I was told today of a web site that exists allowing you to send snail mail to someone by entering their email address in a web form. DoubleClick was thoroughly reamed for publicly announcing their intention to merge online and offline databases for exactly that ability, yet other companies are operating quietly without public outcry. Because they are doing it without telling us.
"I know what you did last night" may soon be a wonderful and welcome comment if it comes from your milk carton.
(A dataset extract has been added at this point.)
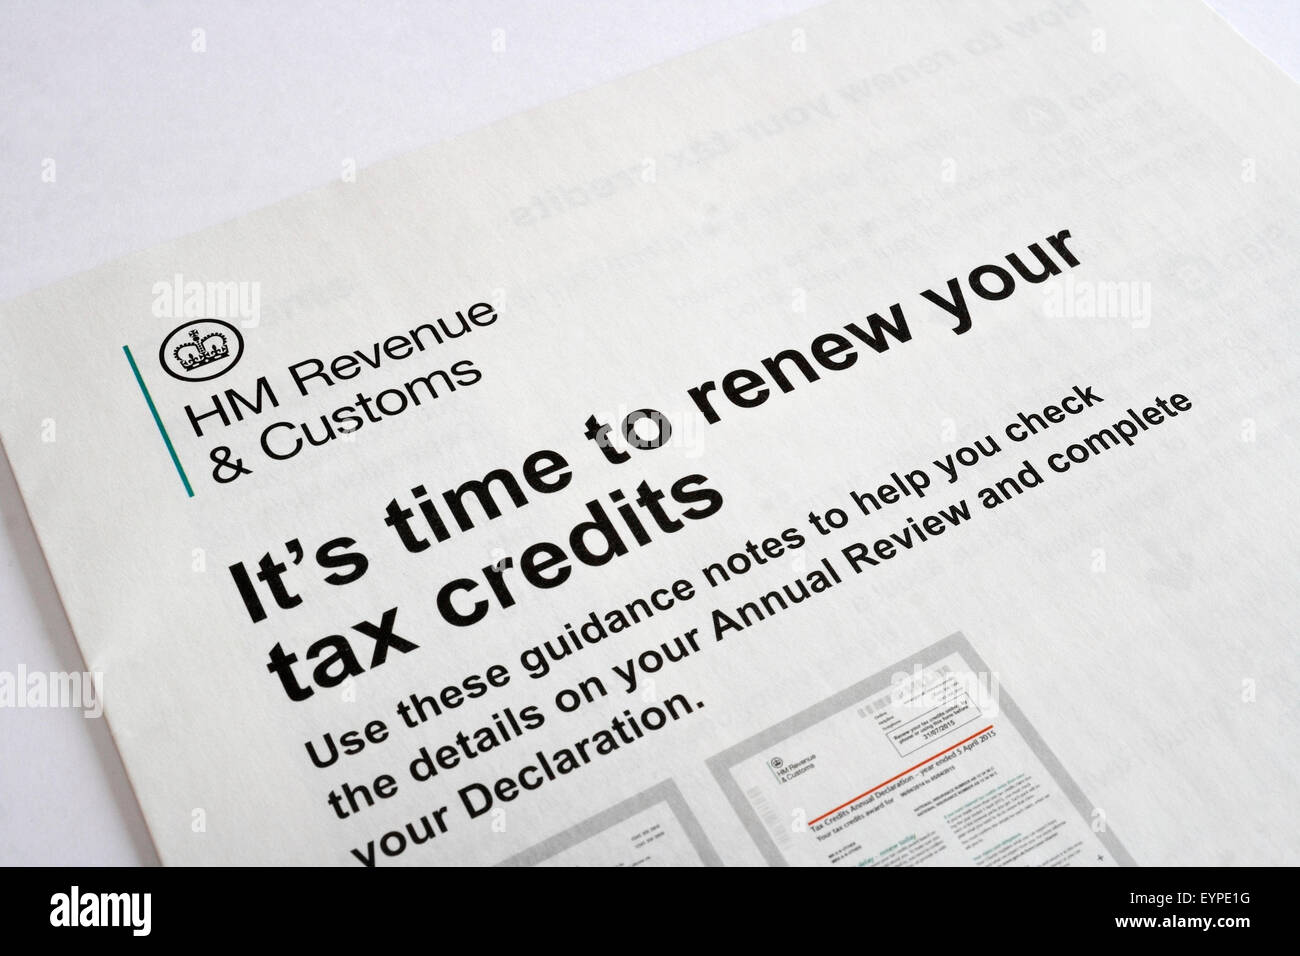 Tax Credits renew form UK Stock Photo, Royalty Free Image ...

Let's just keep that information in family of inanimate objects and out of hands of government, criminals, telemarketers and unsavory data warehousing software developers.
A recent privacy uproar concerns public posting of ICQ logs from PC of a web company CEO concerning internal private discussions over instant messaging service.
In this case it was someone having access to same PC that led to security breach, but it has fired discussions about how instant messaging text is served and how and where it is stored and who has access to those logs, how they might be accessed externally and by whom and if they are encrypted.
This is un-nerving side of ease of access to information but there are also some seriously funny thoughts on privacy:
The link above will take you to a hilarious article describing a "continuous series of detachable, 480x480-pixel square displays, complete with Bluetooth wireless communications!"
This "display" innovation may get more personal than you think since it comes as newest version of "Free Toilet Paper with Banner Ads".
Talk about getting personal with privacy issues!